Heung Wing Joseph Lee was born in Hong Kong in December 1969. He received his B.Sc.(1st Hons) in 1994 and Ph.D. (with distinction) in 1997, both at the Department of Mathematics, The University of Western Australia. In 1997}1998, he was working as a Postdoctoral Research Fellow at the Department of System Engineering and Engineering Management, The Chinese University of Hong Kong. He worked as a Visiting Assistant Professor at the Department of Mathematics, The Hong Kong University of Science and Technology in 1998}1999. He is currently an Assistant Professor in the Department of Applied Mathematics at The Hong Kong Polytechnic University. His research interests include Computational Optimal Control, Mixed Discrete Programming, Scheduling, and Control of Chaotic Systems.

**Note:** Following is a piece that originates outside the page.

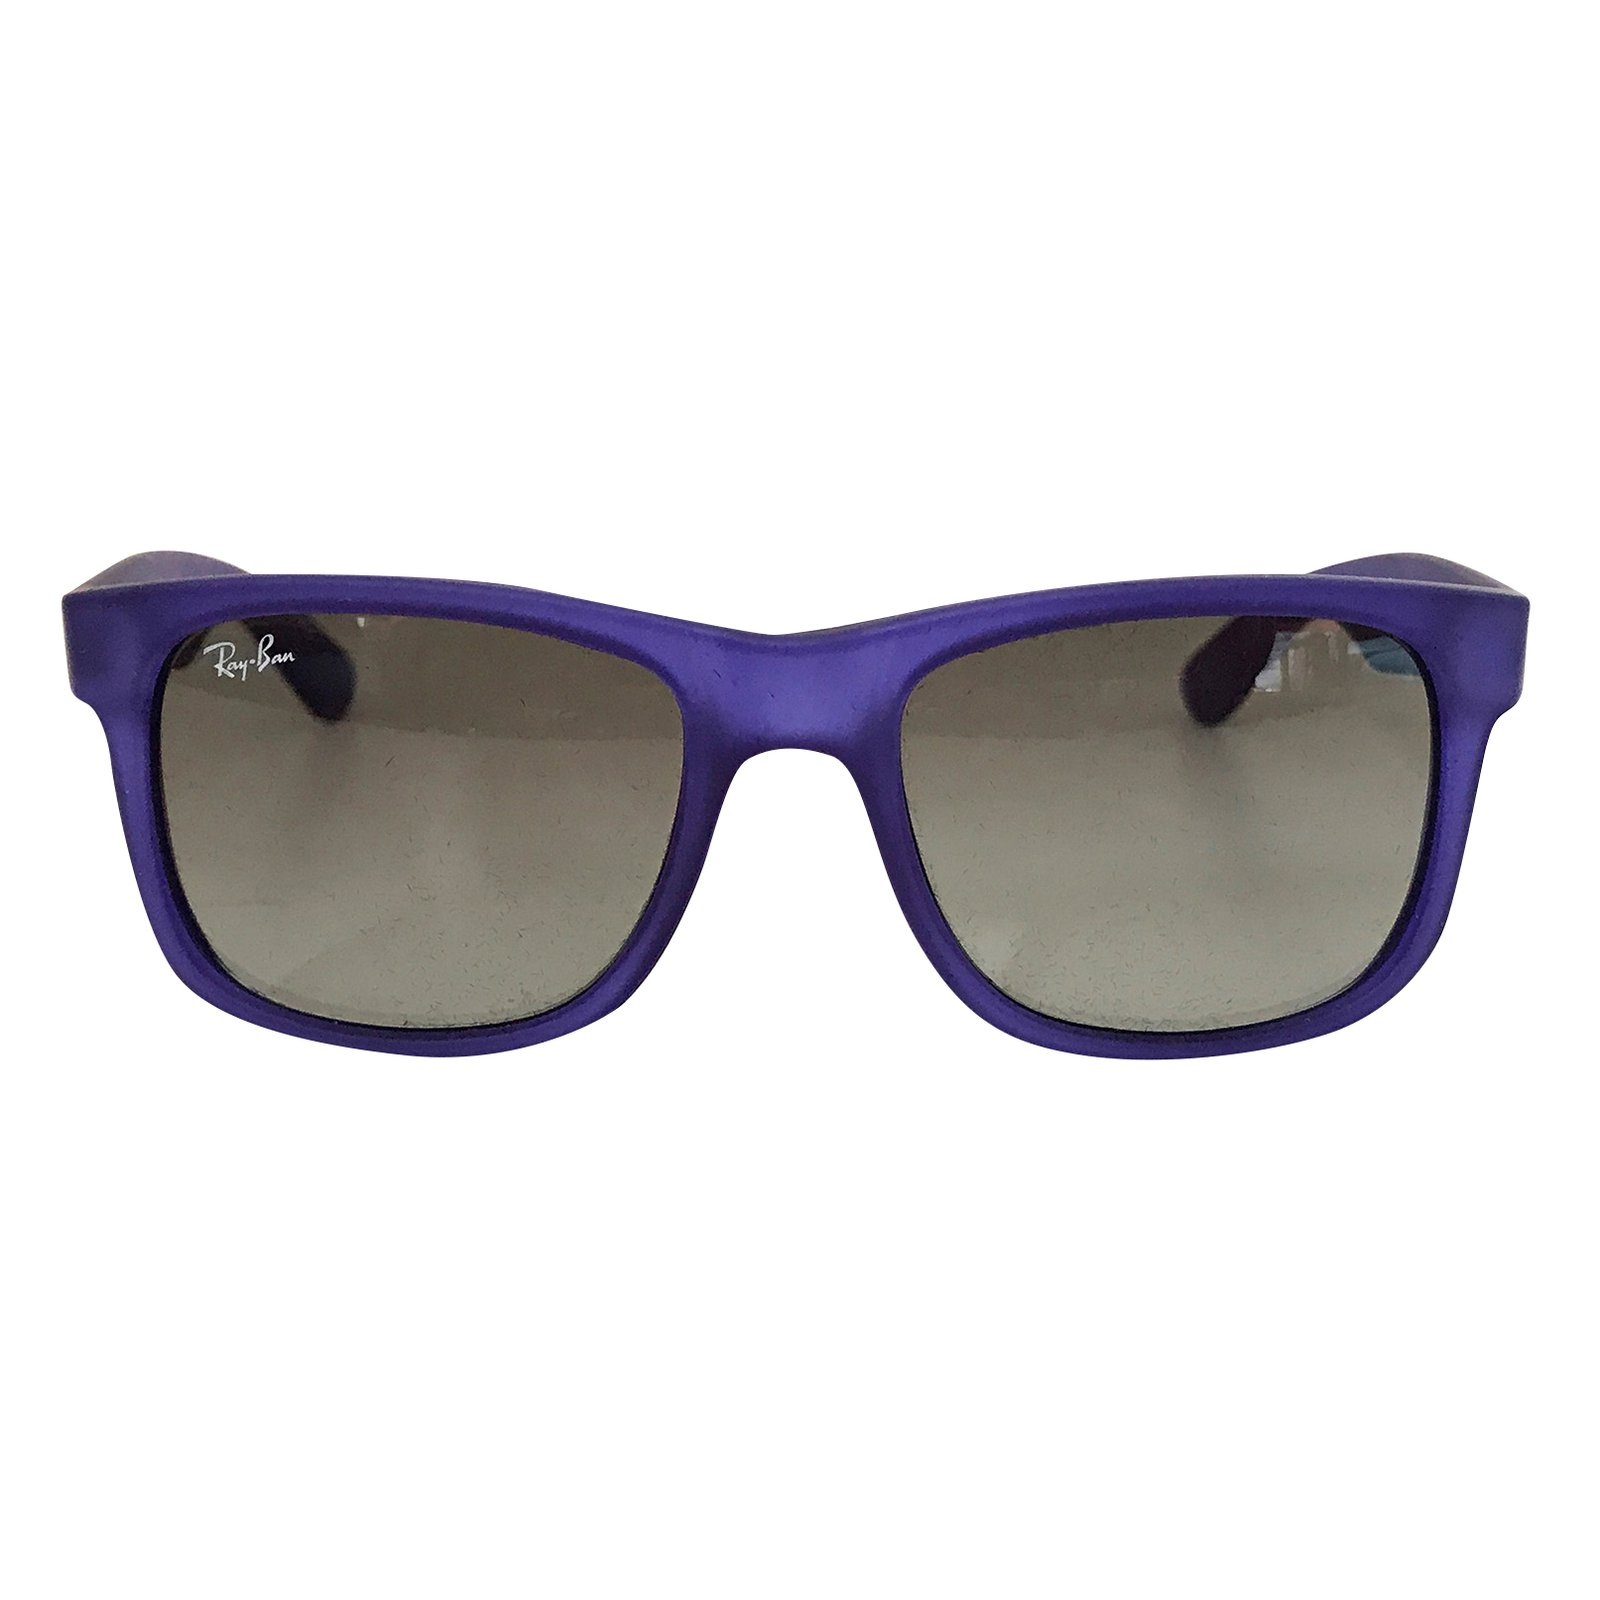 b614d3da107 closeout ray ban rb4165 622 55 black blue mirror 55mm sunglasses c4988  cb2ca  denmark ray ban justin sunglasses plastic blue ref.39913 bbdbf c253c

Kok Lay Teo received the Ph.D. degree in Electrical Engineering from the University of Ottawa, Canada in 1974. He was with the Department of Applied Mathematics, the University of New South Wales, Australia, from 1974 to 1985, the Department of Industrial and Systems Engineering, National University of Singapore, Singapore, from 1985 to 1987, and the Department of Mathematics, the University of Western Australia, Australia, from 1988 to 1996. He was Professor of Applied Mathematics at Curtin University of Technology, Australia, from 1996 to 1998. He is currently the Chair Professor of Applied Mathematics and Head of Department of Applied Mathematics at The Hong Kong Polytechnic University, Hong Kong. He has also been an Adjunct Professor of the University of Waterloo, Canada, from May 2001, and Chongqing Normal University, China, from September 1999. He has published 5 books, edited several books and special issues for international journals. He has also published numerous journal and conference papers in areas, which include control, optimal control, optimization, signal processing, and biomachine. The software package, MISER3.2, for solving general constrained optimal control problems was developed by the research team under his leadership. His research interests includes both the theoretical and practical aspects of optimal control and optimization, and their applications, in particular, signal processing in telecommunications. Dr. Teo is a Senior Member of Institute of Electrical and Electronic Engineers (IEEE) (USA), and is in the editorial board of a number of international journals in control, dynamical systems and optimization, including Automatica and Journal of Global Optimization.